# Named Entity Recognition

## Annotated Corpus for Named Entity Recognition (From Kaggle)
In this notebook we're building a basic model for NER on the specified corpus using splitting all the sentences down to shorter sequences of words of a fixed length

In [1]:
import numpy as np
import pandas as pd

### Importing data
Downloading the data - it is already well preprocessed - there are a lot of features added to the file

In [2]:
df = pd.read_csv("data/ner.csv", encoding = "ISO-8859-1", error_bad_lines=False)
df = df.iloc[281835:]
df.head()

b'Skipping line 281837: expected 25 fields, saw 34\n'


Unnamed: 0.1,Unnamed: 0,lemma,next-lemma,next-next-lemma,next-next-pos,next-next-shape,next-next-word,next-pos,next-shape,next-word,...,prev-prev-lemma,prev-prev-pos,prev-prev-shape,prev-prev-word,prev-shape,prev-word,sentence_idx,shape,word,tag
281835,0,thousand,of,demonstr,NNS,lowercase,demonstrators,IN,lowercase,of,...,__start2__,__START2__,wildcard,__START2__,wildcard,__START1__,1.0,capitalized,Thousands,O
281836,1,of,demonstr,have,VBP,lowercase,have,NNS,lowercase,demonstrators,...,__start1__,__START1__,wildcard,__START1__,capitalized,Thousands,1.0,lowercase,of,O
281837,2,demonstr,have,march,VBN,lowercase,marched,VBP,lowercase,have,...,thousand,NNS,capitalized,Thousands,lowercase,of,1.0,lowercase,demonstrators,O
281838,3,have,march,through,IN,lowercase,through,VBN,lowercase,marched,...,of,IN,lowercase,of,lowercase,demonstrators,1.0,lowercase,have,O
281839,4,march,through,london,NNP,capitalized,London,IN,lowercase,through,...,demonstr,NNS,lowercase,demonstrators,lowercase,have,1.0,lowercase,marched,O


We want to leave only the initial text

In [3]:
data=df.drop(['Unnamed: 0', 'lemma', 'next-lemma', 'next-next-lemma', 'next-next-pos',
       'next-next-shape', 'next-next-word', 'next-pos', 'next-shape',
       'next-word', 'prev-iob', 'prev-lemma', 'prev-pos',
       'prev-prev-iob', 'prev-prev-lemma', 'prev-prev-pos', 'prev-prev-shape',
       'prev-prev-word', 'prev-shape', 'prev-word',"pos","shape"],axis=1)
data.head()

Unnamed: 0,sentence_idx,word,tag
281835,1.0,Thousands,O
281836,1.0,of,O
281837,1.0,demonstrators,O
281838,1.0,have,O
281839,1.0,marched,O


### Preprocess data into list of sentencies

In [4]:
from text_preprocessing import group_sentences, tokenize, pad, split_sentences

Using TensorFlow backend.
  _np_qint8 = np.dtype([("qint8", np.int8, 1)])
  _np_quint8 = np.dtype([("quint8", np.uint8, 1)])
  _np_qint16 = np.dtype([("qint16", np.int16, 1)])
  _np_quint16 = np.dtype([("quint16", np.uint16, 1)])
  _np_qint32 = np.dtype([("qint32", np.int32, 1)])
  np_resource = np.dtype([("resource", np.ubyte, 1)])
  _np_qint8 = np.dtype([("qint8", np.int8, 1)])
  _np_quint8 = np.dtype([("quint8", np.uint8, 1)])
  _np_qint16 = np.dtype([("qint16", np.int16, 1)])
  _np_quint16 = np.dtype([("quint16", np.uint16, 1)])
  _np_qint32 = np.dtype([("qint32", np.int32, 1)])
  np_resource = np.dtype([("resource", np.ubyte, 1)])


Forming text sentences

In [5]:
input_sentences, label_sentences = group_sentences(data, "word"), group_sentences(data, "tag")
print("Sample sentence:", input_sentences[0])
print("Sample label sentence:", label_sentences[0])

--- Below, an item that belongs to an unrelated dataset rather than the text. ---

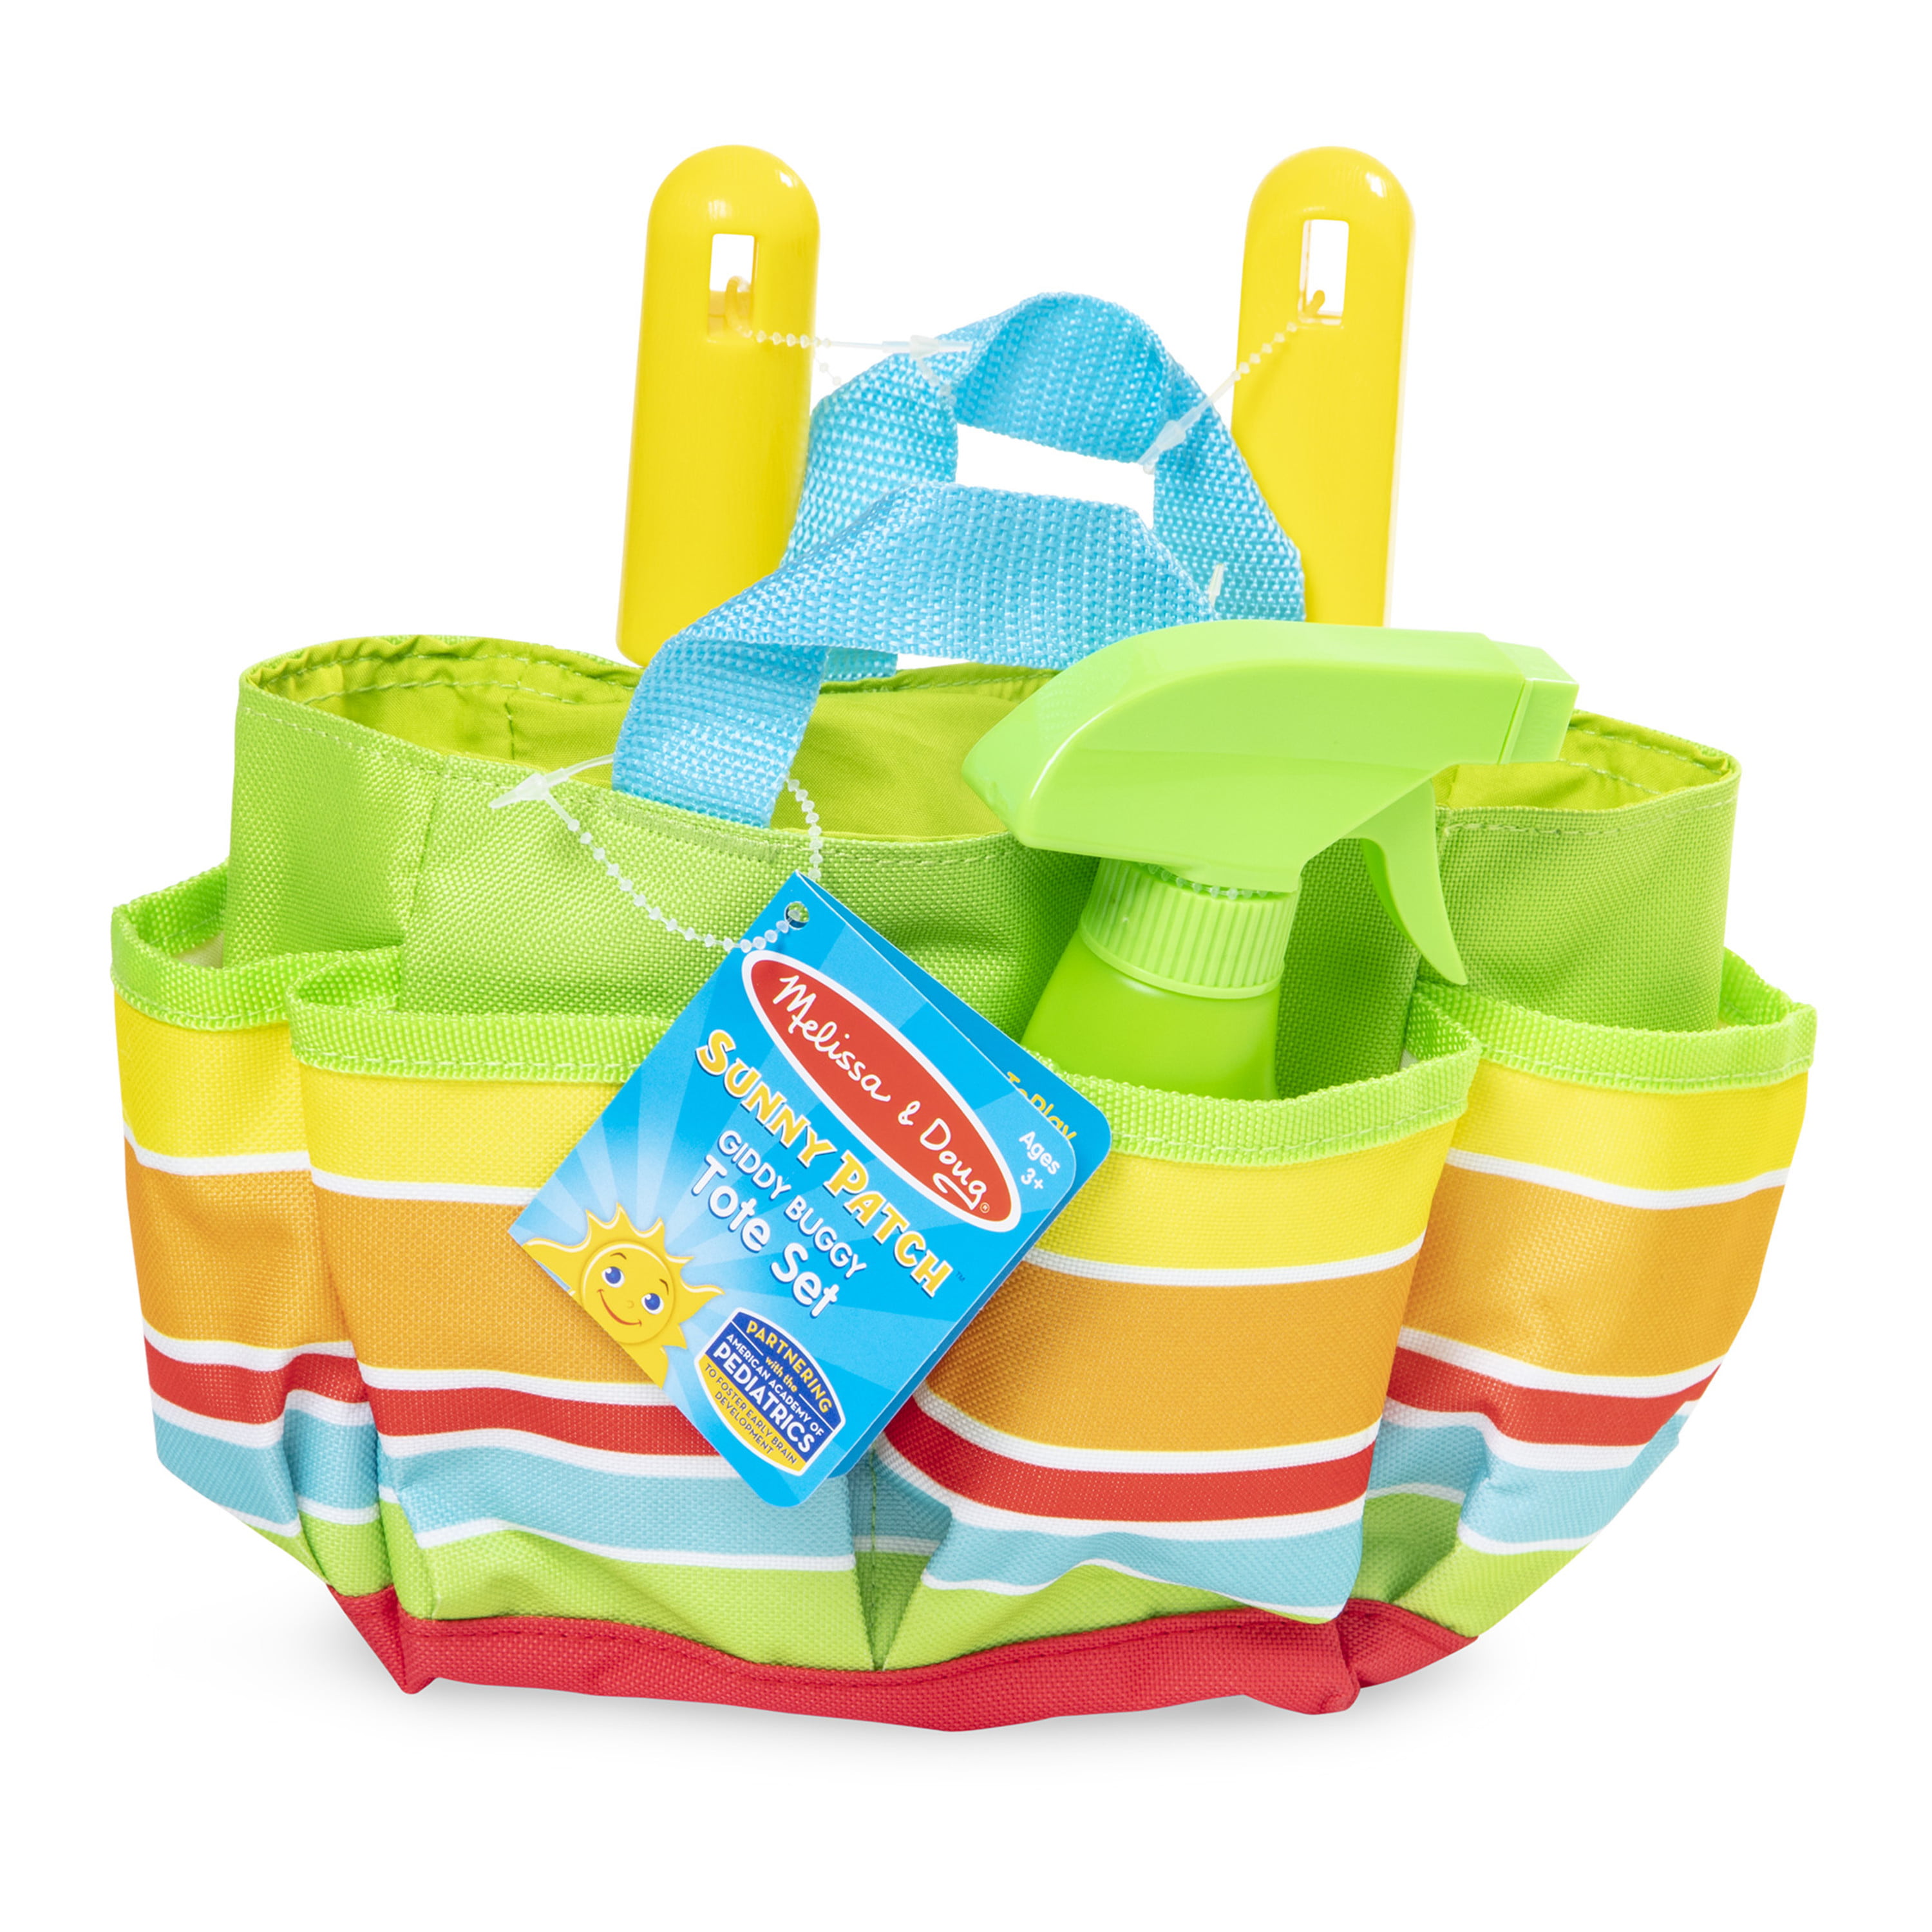 Details about   NEW Melissa & Doug Sunny Patch Giddy Buggy Gardening TOTE SET tools sprayer

Sample sentence: Thousands of demonstrators have marched through London to protest the war in Iraq and demand the withdrawal of British troops from that country .
Sample label sentence: O O O O O O B-geo O O O O O B-geo O O O O O B-gpe O O O O O


Tokenizing sentences

In [6]:
tokenized_input, tokenizer_X = tokenize(input_sentences)
tokenized_labels, tokenizer_y = tokenize(label_sentences, to_lower=False)

input_vocab_size = len(tokenizer_X.word_index) + 1
labels_vocab_size = len(tokenizer_y.word_index) + 1

print("Vocabulary size:", input_vocab_size)
print("Vocabulary size:", labels_vocab_size)

Vocabulary size: 27420
Vocabulary size: 18


Dividing sentences to the fixed length

In [7]:
WINDOW_SIZE = 8

divided_tokenized_input = split_sentences(tokenized_input, WINDOW_SIZE)
divided_tokenized_labels = split_sentences(tokenized_labels, WINDOW_SIZE)

Preparing training and test sets

In [8]:
from sklearn.model_selection import train_test_split
y = divided_tokenized_labels.reshape(*divided_tokenized_labels.shape, 1)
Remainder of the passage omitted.